Old 12-28-2010, 05:18 PM   #2
never say never
Member
 
Registered: Sep 2009
Location: Indiana, USA
Distribution: SLES, SLED, OpenSuse, CentOS, ubuntu 10.10, OpenBSD, FreeBSD
Posts: 195

Rep: Reputation: 37
First blush says configuration issue (most likely duplex). You don't say how your systems are configured Are they configured to auto negotiate or to a specific configuration?

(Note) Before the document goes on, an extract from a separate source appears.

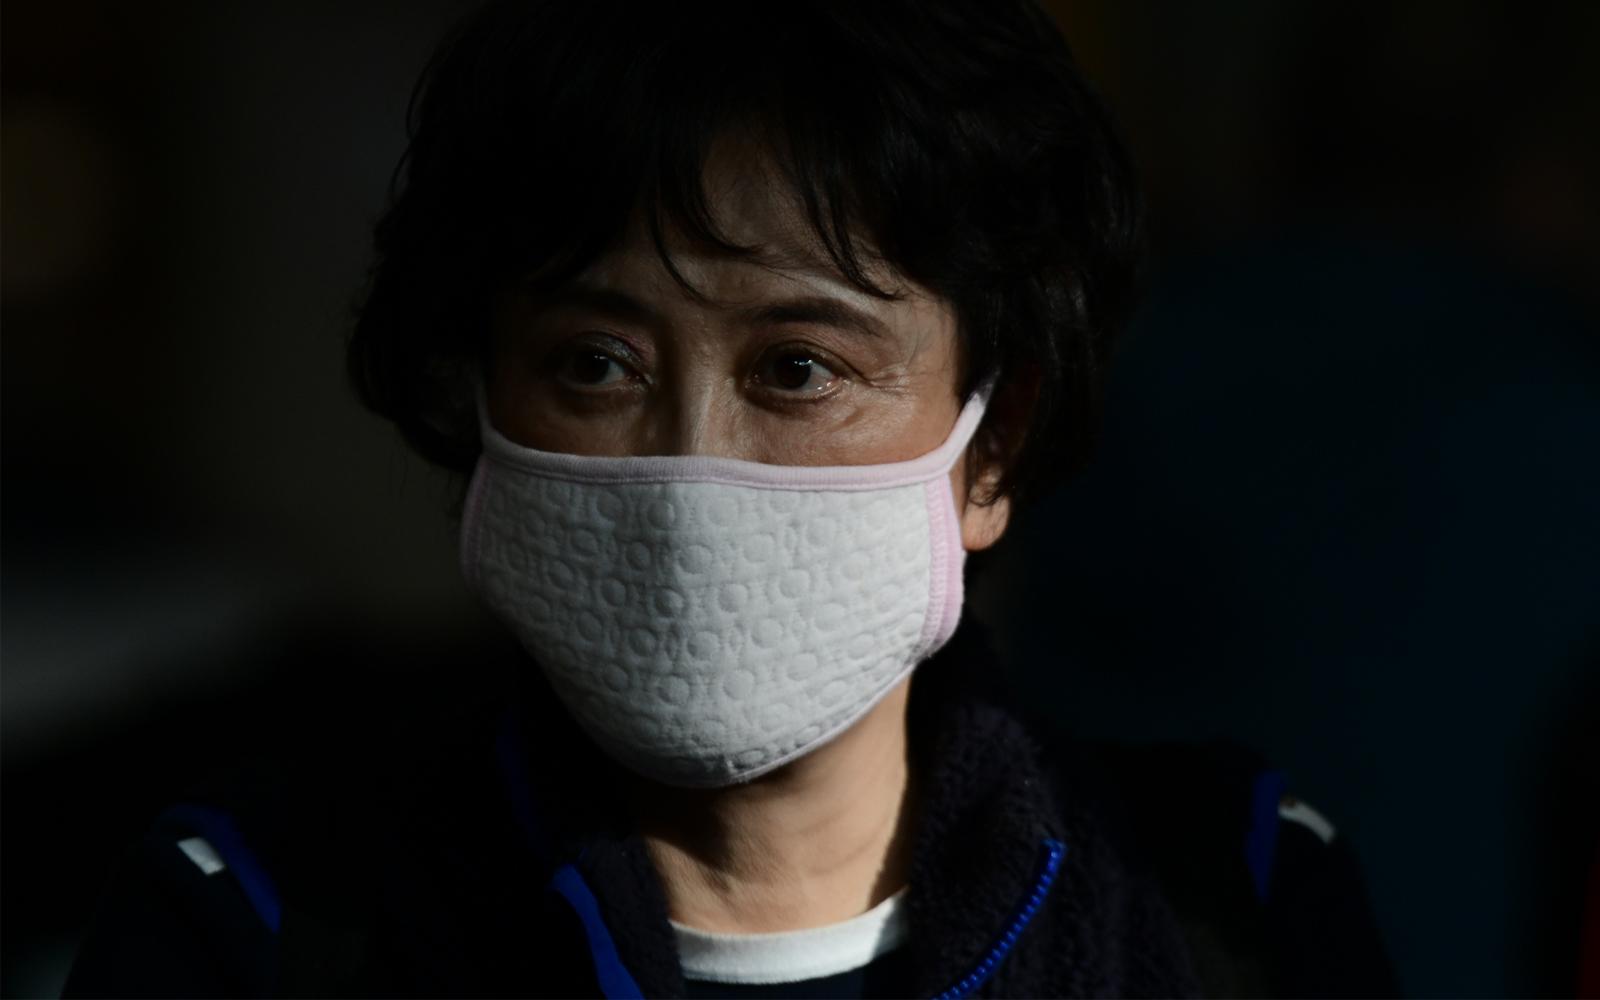 masque de protection epidemie

What is the wire distance?

Auto negotiation is great when it works and a nightmare when it doesn't.

Another possibility is buffer overflow (the NIC buffer fills before the system empties the buffer).

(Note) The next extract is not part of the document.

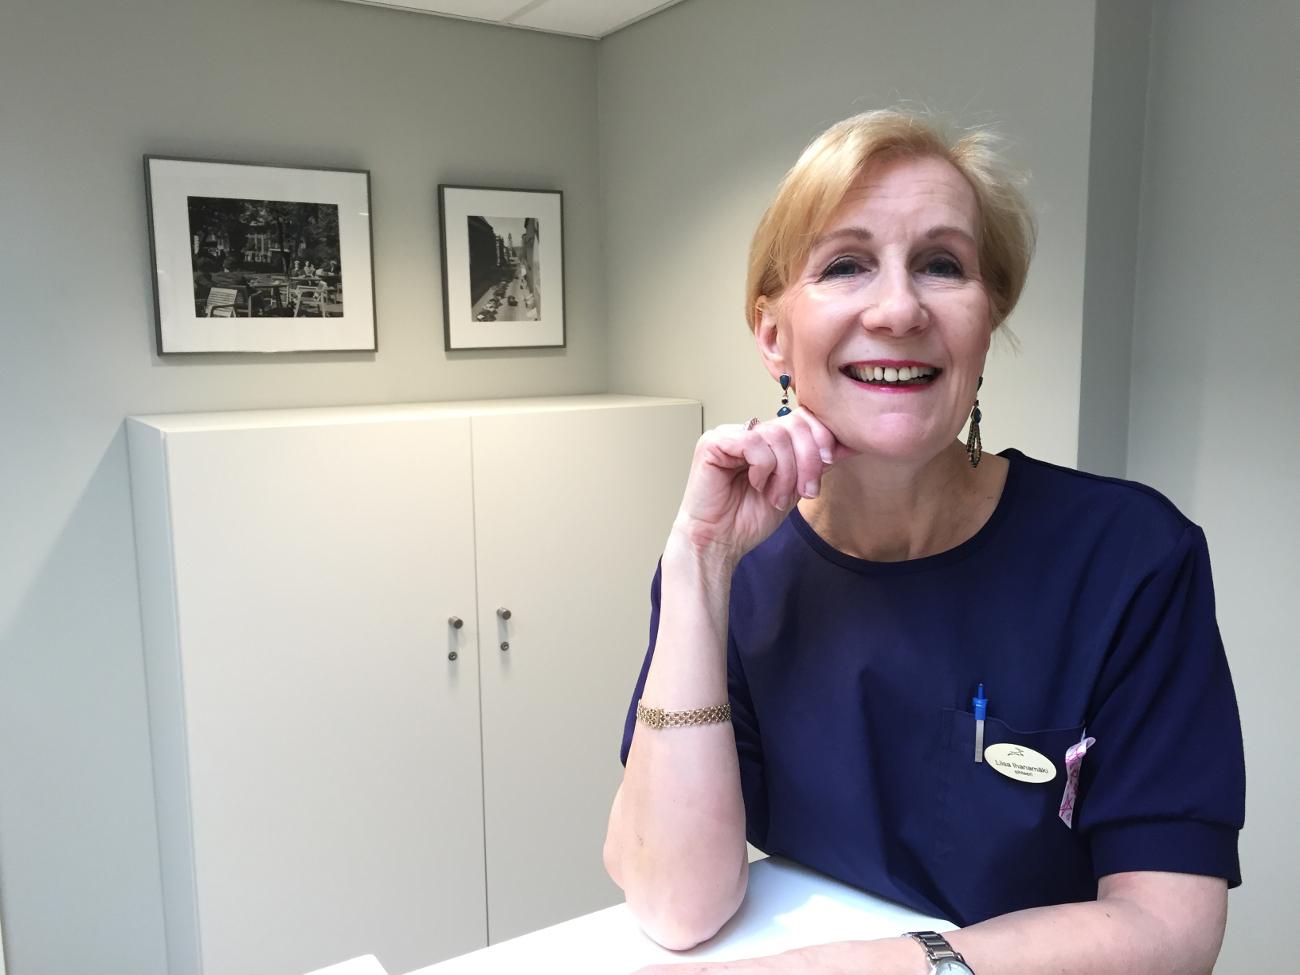 Oikomishoidon erikoishammaslääkärin vastaanotolla|Oikomishoidon edistyminen|Oikomishoito aikuisena

If you are still having trouble post back with configs, and make sure not to use the same xxx ip address.

Be more accurate with ips, something like xxx.xxx.xxx.aaa, xxx.xxx.xxx.bbb, xxx.xxx.yyy.ccc, xxx.xxx.yyy.ddd so we can tell each system apart.
 
Old 12-28-2010, 10:43 PM   #3
djtoltz
Member
 
Registered: Nov 2003
Location: Eastern North Carolina, USA
Distribution: Mandrake
Posts: 51

Rep: Reputation: 20
You can use ifconfig to see the configuration and errors on a single network interface.
 
Old 12-29-2010, 06:41 AM   #4
rentze
LQ Newbie
 
Registered: Dec 2010
Posts: 3

Original Poster
Rep: Reputation: 0
Thanks for your suggestions! Now I am a bit closer to the source of the trouble. Namely, I forgot to mention that A and B are not running an ordinary kernel: they are both Xen Dom0-s. When I reboot them with the same kernel, but without Xen hypervisor, the huge packet loss disappears. The performance is not great though, I am getting like 575 Mbps uplink and 690 Mbps downlink (everything is configured by auto-negotiation, I don't specify anything explicitly). Still, this bandwidth is perfectly fine for me, I just want to get rid of the packet loss problem.

Furthermore, I have discovered that the problem occurs only when A or B act as receivers. Here is the score (A=iperf server=receiver, C=iperf client=sender):

Quote:
[ 3] local xxx.xxx.xxx.aaa port 5001 connected with xxx.xxx.xxx.bbb port 38590
[ ID] Interval Transfer Bandwidth Jitter Lost/Total Datagrams
[ 3] 0.0-10.2 sec 324 MBytes 266 Mbits/sec 12.213 ms 356145/587534 (61%)
[ 3] 0.0-10.2 sec 1 datagrams received out-of-order
ifconfig reports no problems, but here is the output of netstat -su:

Quote:
IcmpMsg:
InType3: 19
OutType3: 27
OutType8: 14
Udp:
1181505 packets received
108486 packets to unknown port received.
2348066 packet receive errors
1481319 packets sent
RcvbufErrors: 2348066
UdpLite:
IpExt:
InMcastPkts: 17
InBcastPkts: 1926
InOctets: 1154882666
OutOctets: -2076309331
InMcastOctets: 476
InBcastOctets: 386075
(this is after serveral tests. After each one, not surprisingly, RcvbufErrors increases by the same number as the number of lost packets reported by iperf).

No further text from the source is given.